Ahmed Zewail is being awarded the Nobel Prize in Chemistry because he was the first to conduct experiments that clearly show the decisive moments in the life of a molecule – the breaking and formation of chemical bonds. He has been able to see the reality behind Arrhenius’ theory.

It is of great importance to be able in detail to understand and predict the progress of a chemical reaction. Femtochemistry has found applications in all branches of chemistry, but also in adjoining fields such as material science (future electronics?) and biology. The retinal molecule is an example – a substance that you are all making use of at this very moment, namely to see with. It has been found that light causes this molecule to twist like a hinge around a well-greased bond, which sends a nerve signal to the brain. The reaction takes only 200 fs, which explains the eye’s sensitivity to light.

Femtochemistry has radically changed the way we look at chemical reactions. A hundred years of mist surrounding the transition state has cleared.

Professor Zewail. I have tried to explain how your pioneering work has fundamentally changed the way scientists view chemical reactions. From being restricted to describe them only in terms of a metaphor, the transition state, we can now study the actual movements of atoms in molecules. We can speak of them in time and space in the same way that we imagine them. They are no longer invisible.

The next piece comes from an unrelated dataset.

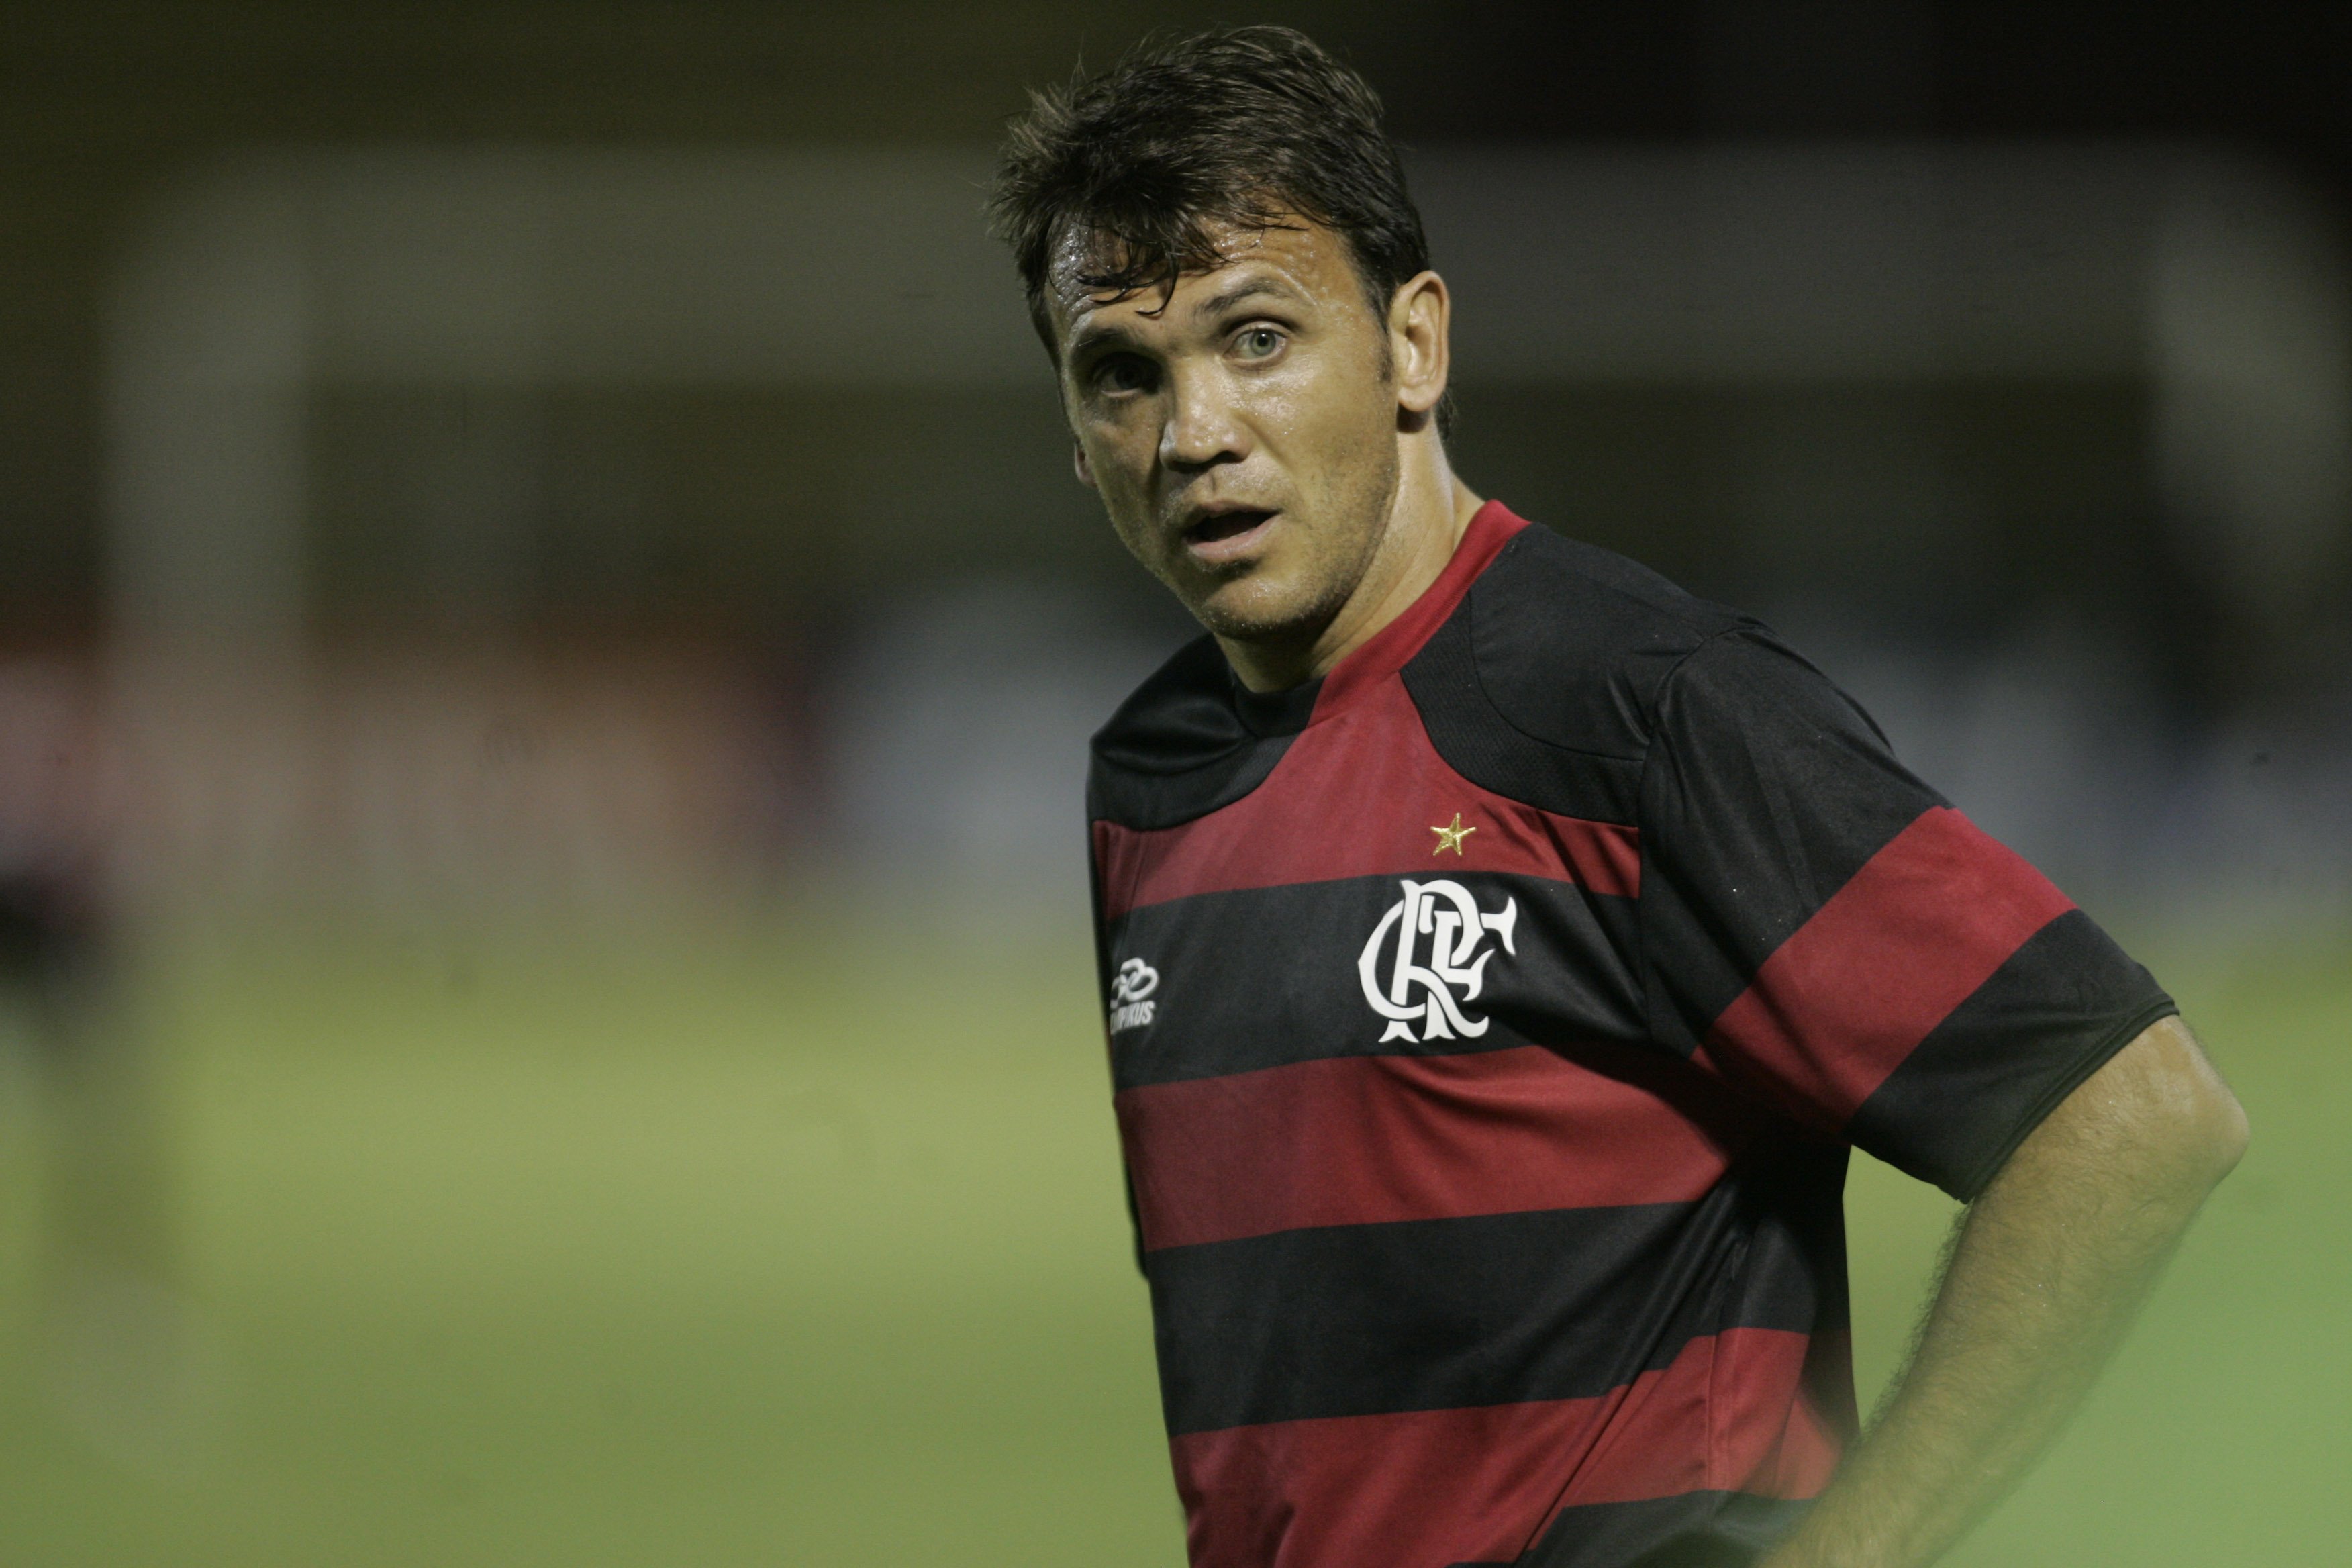 Herói do Carioca 2001 e peça fundamental no Hexa de 2009, o meia sérvio atuou 196 jogos com a camisa do Flamengo. Ele teve duas passagens pelo clube: uma entre 2000 e 2002 e outra de 2009 a 2011.

May I convey to you my warmest congratulations on behalf of the Royal Swedish Academy of Sciences and ask you to come forward to receive the 1999 Nobel Prize in Chemistry from the hands of His Majesty the King.

Professor Kohn. You were awarded last year’s Nobel Prize together with Professor John Pople for your contributions to Computational Quantum Chemistry. They have been of fundamental importance also in the context of this year’s Nobel Prize, as calculations of energies and structures of the molecules in their various states are crucial for the interpretation of the experiments.

On behalf of the Royal Swedish Academy of Sciences, may I warmly congratulate you and ask you to come forward to receive the 1998 Nobel Prize in Chemistry from the hands of His Majesty the King.